__Collected material__:
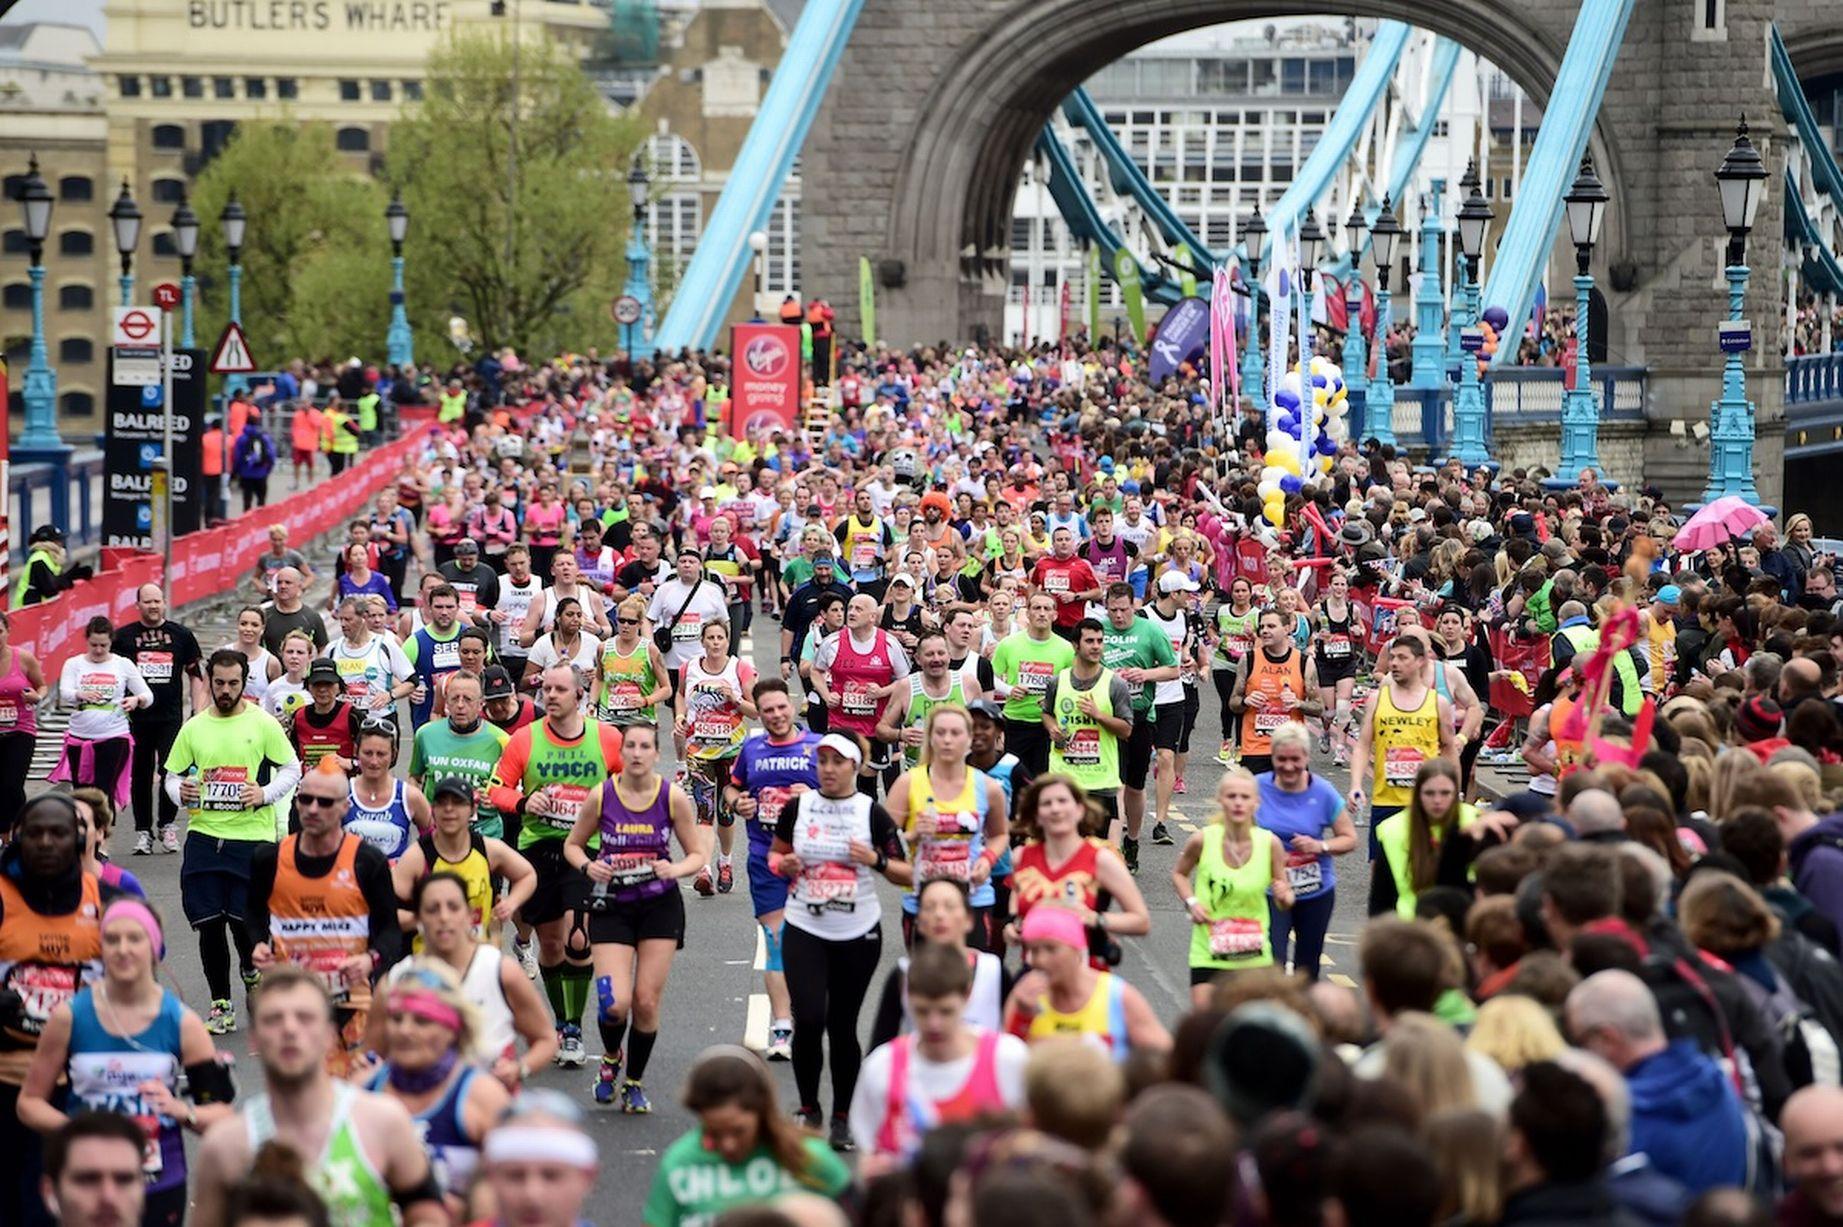 London Marathon event director Hugh Brasher
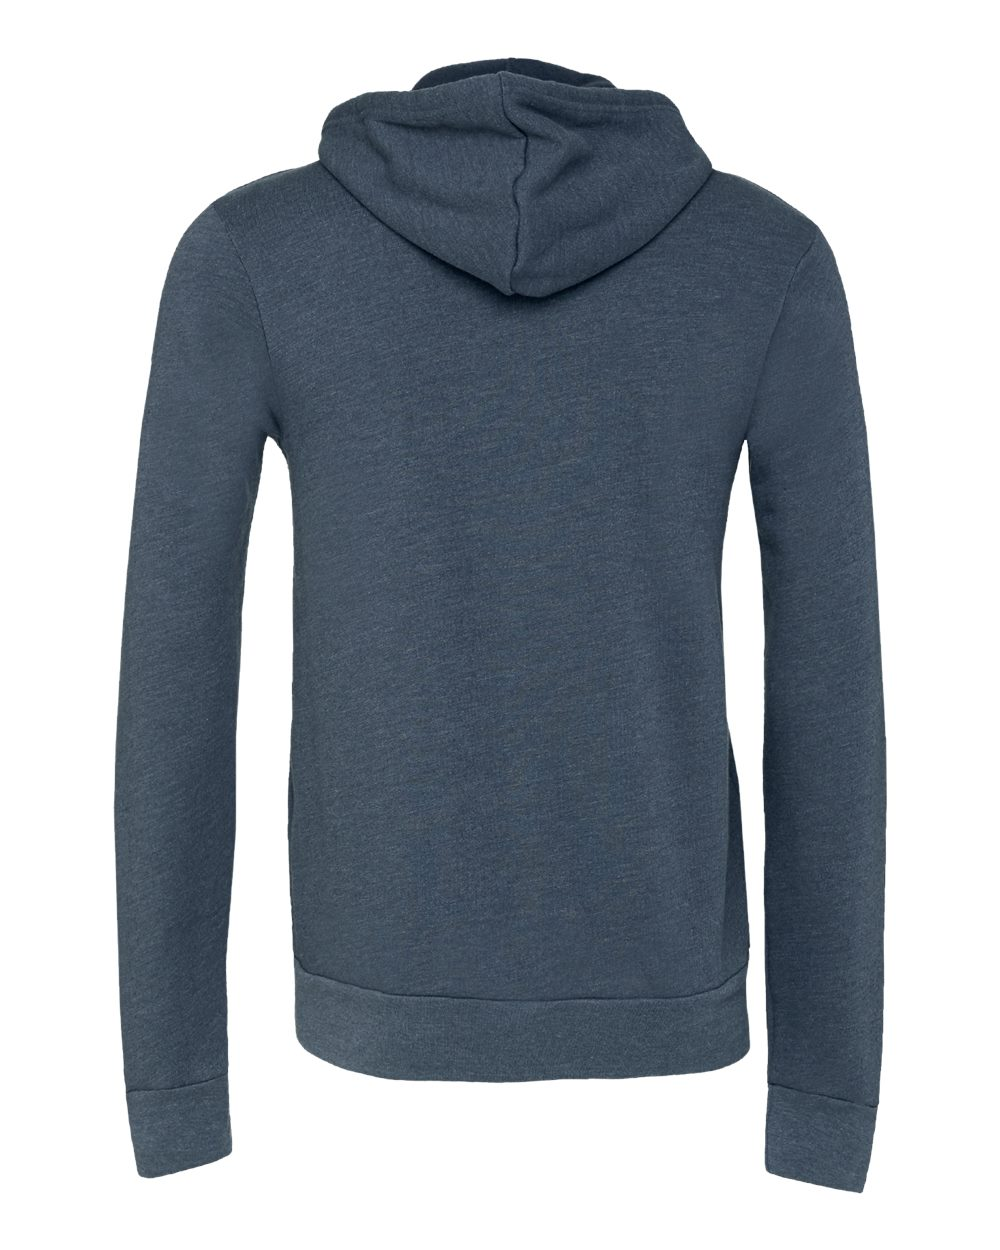 Bella-Canvas-Unisex-Full-Zip-Up-Hooded-Sweatshirt-Blank-Hoodie-3739-up-to-3XL thumbnail 47
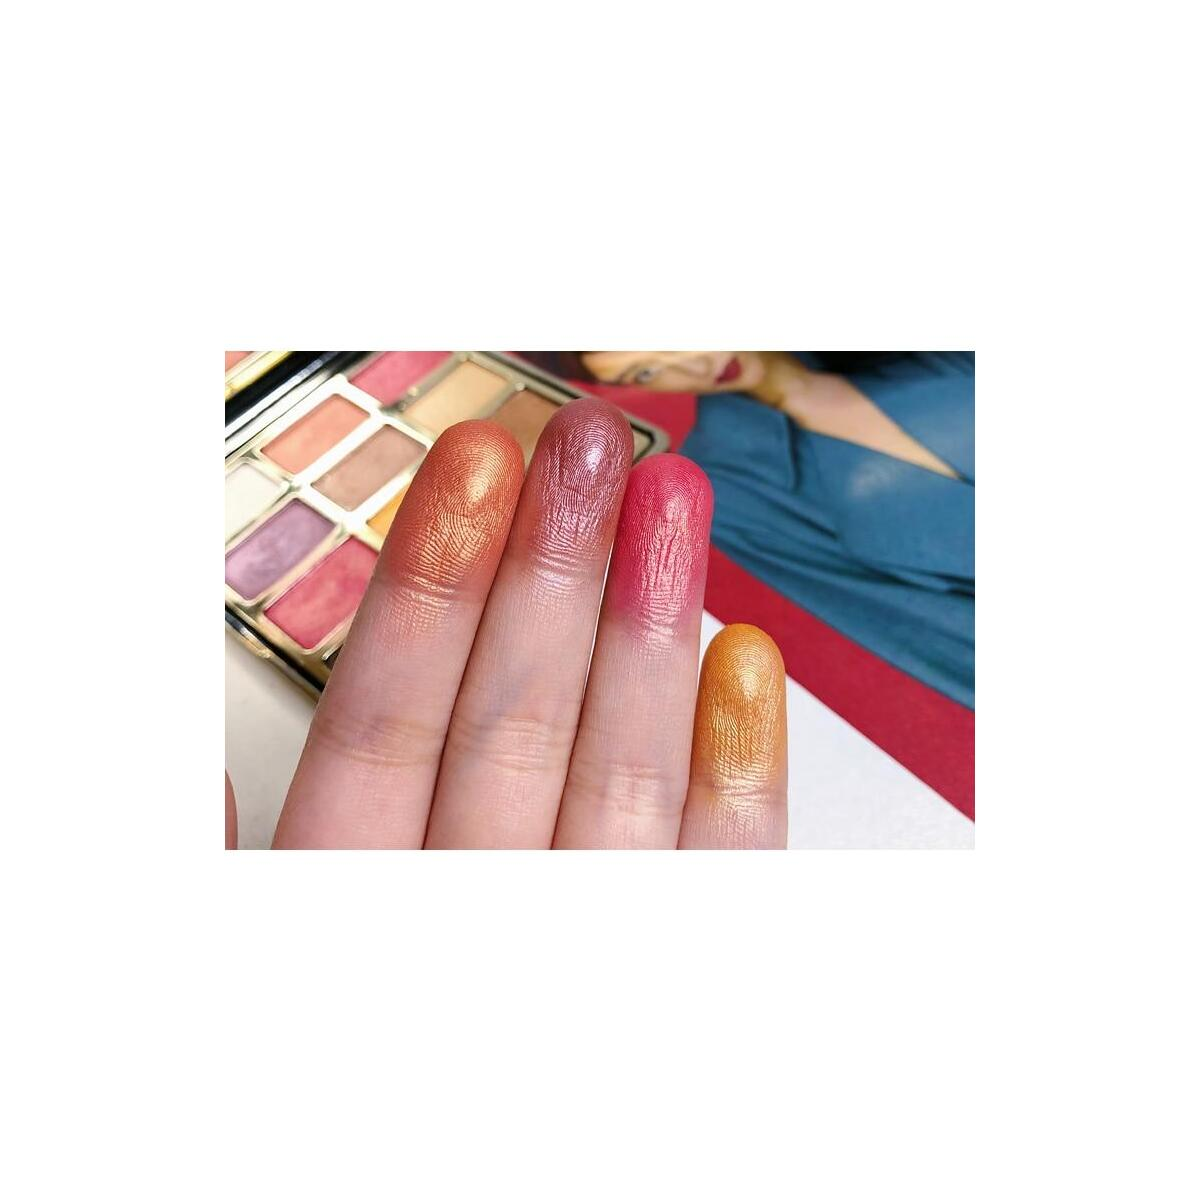 RomanticBird Febble Eyeshadow Diamond Glitter Metallic 12 Color Eyeshadow Palette, 01 / China

__Requirement__: Reprint all the data above verbatim, excluding pictures.

__Answer box__:
 London Marathon event director Hugh Brasher
 Bella-Canvas-Unisex-Full-Zip-Up-Hooded-Sweatshirt-Blank-Hoodie-3739-up-to-3XL thumbnail 47
 RomanticBird Febble Eyeshadow Diamond Glitter Metallic 12 Color Eyeshadow Palette, 01 / China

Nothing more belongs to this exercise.